Referring to the drawings in detail, wherein like numerals designate like parts, and initially considering FIGS. 1 through 3, a power surge isolator for protecting electrical appliances comprises a rectangular casing 20 of insulating material having a removable access panel 21 on its forward side which can be snapped into engagement with the casing 20, as shown. The device near one of its ends is provided with three male prongs including a grounding prong 22 and two power prongs 23 in the customary triangular array for reception by a female wall receptacle 24 having a cover plate 25. The prongs 22 and 23 extend through the forward wall of the casing 20 and outside of the casing as shown. Near its other end the casing 20 carries a back stop rib 26 which engages the wall surface above or below the cover plate 25 to maintain the device parallel with the wall in a stable manner during use. When using with 110 v current, power enters one of the prongs 23 while the other prong 23 is a ground.

On its opposite side and near its end away from the male prongs 22 and 23, the device includes a female receptacle 27 for the three-pronged plug 28 of an appliance power cable. The female receptacle 27 of the device includes a conducting sleeve 29 for the grounding prong 30 of appliance plug 28 and two receptacle contact strips 31 to be engaged by the two prongs 32 of the plug 28.

Within the insulating casing 20 near its end receiving the appliance plug 28 a pair of fused terminal spring clips 33 are provided which are electrically connected and joined to the receptacle contact strips 31. The clips 33 embrace the adjacent end terminals 34 of a pair of fuses 35 whose fusible elements 36 will disintegrate when subjected to a certain current value. In this connection, the fuses 35 are selected to deliver the required operating current to any given appliance and to blow at current values above this required level. The chosen fuses will not deliver too much or too little current to the particular appliance with which they are selected to work. The ready interchange ability of the fuses 35 enables the selection of proper fuses to protect any type of appliance regardless of its operating current requirement and to supply the proper current thereto without blowing out, in accordance with one important feature of the invention. It can be mentioned that the two fuse configuration in FIGS. 1 through 3 represents the form of the device for use with 110 v appliances.

Near the other end of the unit adjacent to the male prongs 22 and 23 a second pair of spring clips 37 embrace the other end terminals 38 of the fuses 35 and are joined by conductor bars 39 with the male power prongs 23. Near and spaced somewhat from the clips 37 and fuse terminals 38, in accordance with a very important feature of this invention, a grounding power stop conducting element 40 in the form of a heavy conducting strip has its opposite ends joined to another pair of spring clips 41 which embrace the glass bodies of fuses 35. The clips 41 and power stop 40 are distantly spaced from the clips 33 and fuse terminals 34 for an important reason to be described.

The power stop 40 is electrically connected at its center by an element 42 with an internal ground conducting strip 43 of the device whose opposite ends are electrically connected with the grounding prongs 22 and the ground sleeve 29, respectively.
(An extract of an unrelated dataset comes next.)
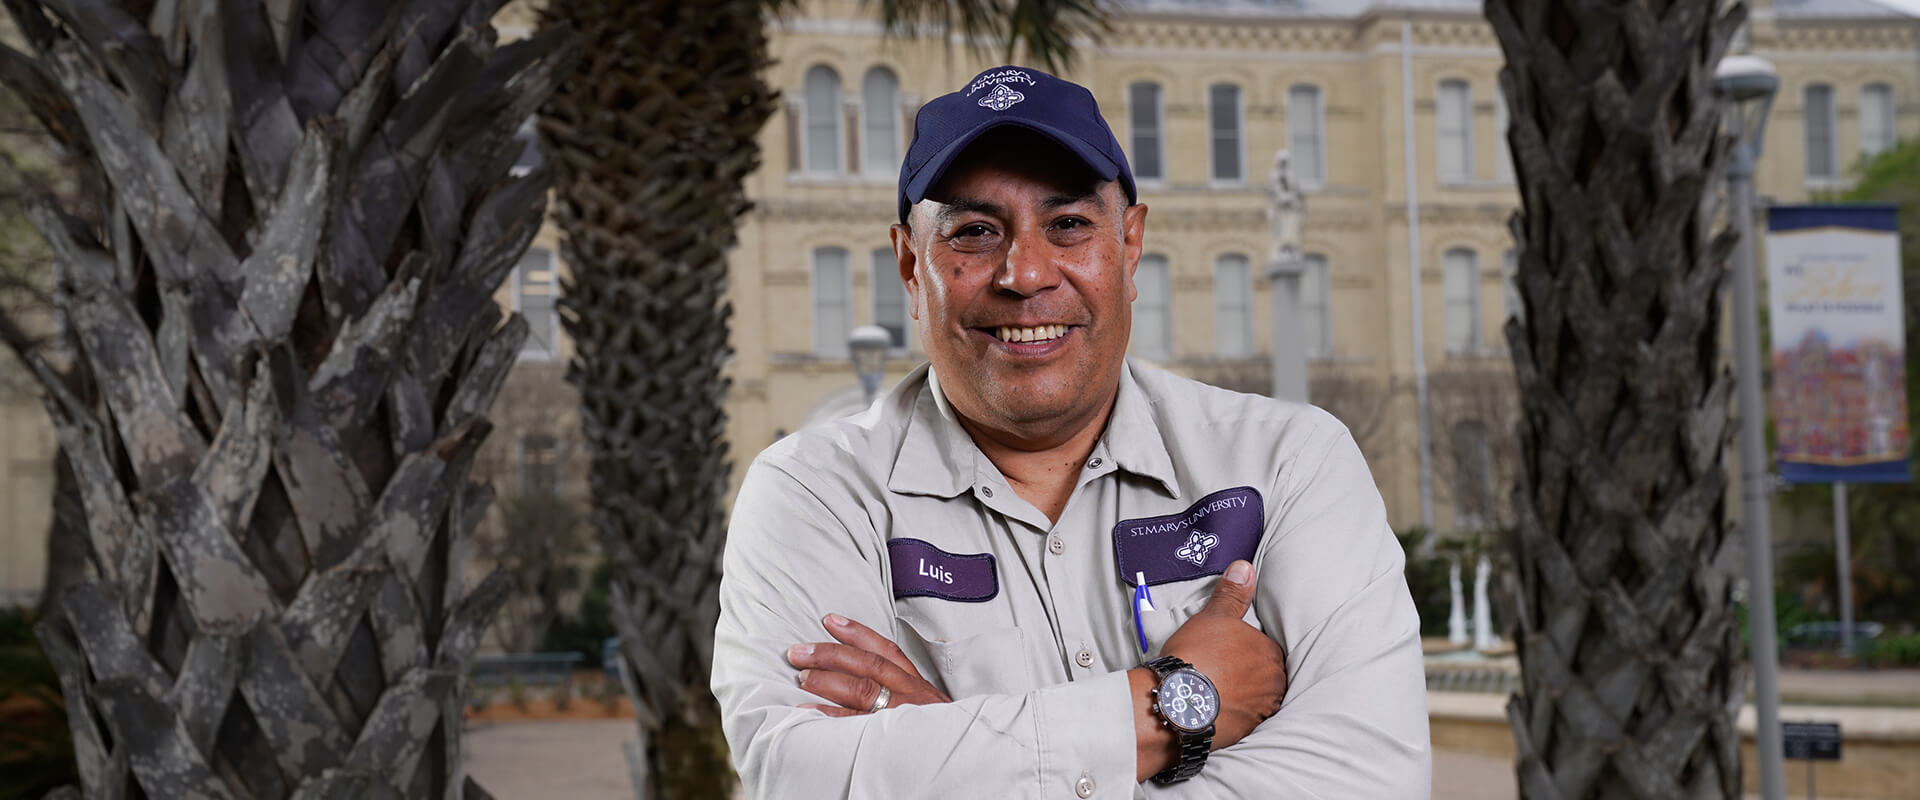 St. Mary's gardener Luis Sanchez smiles in front St. Louis Hall while wearing his work uniform

During operation with the prongs 22 and 23 plugged into a conventional wall outlet 24 and the appliance plug 28 plugged into the receptacle 27 of the device, normal operating current will be delivered through the device to the particular electrical appliance. The fuses 35, as previously explained, are chosen to deliver the required operating current to the particular appliance and to blow when subjected to currents or current surges significantly above the appliance operating current. Neither too much nor too little current will be delivered through the device to the particular 110 v appliance which it is supplying and isolating from abnormal current surges caused by lightening, etc.

Under normal conditions, on 110 voltage, current from the wall outlet 24 enters the device through one of the prongs 23 and flows through one of the elements 39 to one of the clips 37 and one of the fuse terminals 38. The normal current then flows through one of the elements 36 of the fuse to one of the terminals 34 and then through one of the clips 33 to one of the receptacle contacts 31 engaged with one of the prongs 32 of the appliance cord.

When an abnormal surge of current is encountered above normal operating current for the appliance, the fuse elements 36 will immediately disintegrate to protect the appliance. Additionally, it will not be possible regardless of the magnitude of the surge for the current to arc or jump the gap from fuse terminals 38 to terminals 34 which could destroy the appliance if allowed to occur. Instead, as indicated by the broken directional arrows in FIG. 3, the surging current can jump from the terminals 38 of the fuses to the nearby clips 41 of power stop 40, the surging current then passing through the power stop to the grounding conducting strip 43 of the device connected to the ground elements 22 and 29. By virtue of this arrangement, the abnormal current surge regardless of its magnitude passes safely to ground and the appliance remains isolated and protected from the current surge by the device. Although one of prongs 23 is a ground, on the 110 v circuit, it is also fused to keep a current surge from entering the appliance through that ground.

FIG. 7 of the drawings depicts an alternative embodiment of the device of the 220 v appliances such as electric ranges, washers and dryers and others. In this embodiment, the insulating casing 44 is a split casing formed in two half sections secured together by screws. A power cable 45 having a plug to engage in a wall outlet, or wired straight from a power source without plugs, has its two power conductors 46 connected with internal terminals 47 of the device and has its ground or neutral wire 48 similarly connected with a terminal 49 of a ground conductor strip 50 similar to the strip 43.

At the other end of the casing the cable 51 leading to the appliance has its two power conductors 52 connected to terminals 53 and has its neutral conductor 54 connected to a second terminal 55 of the ground strip 50.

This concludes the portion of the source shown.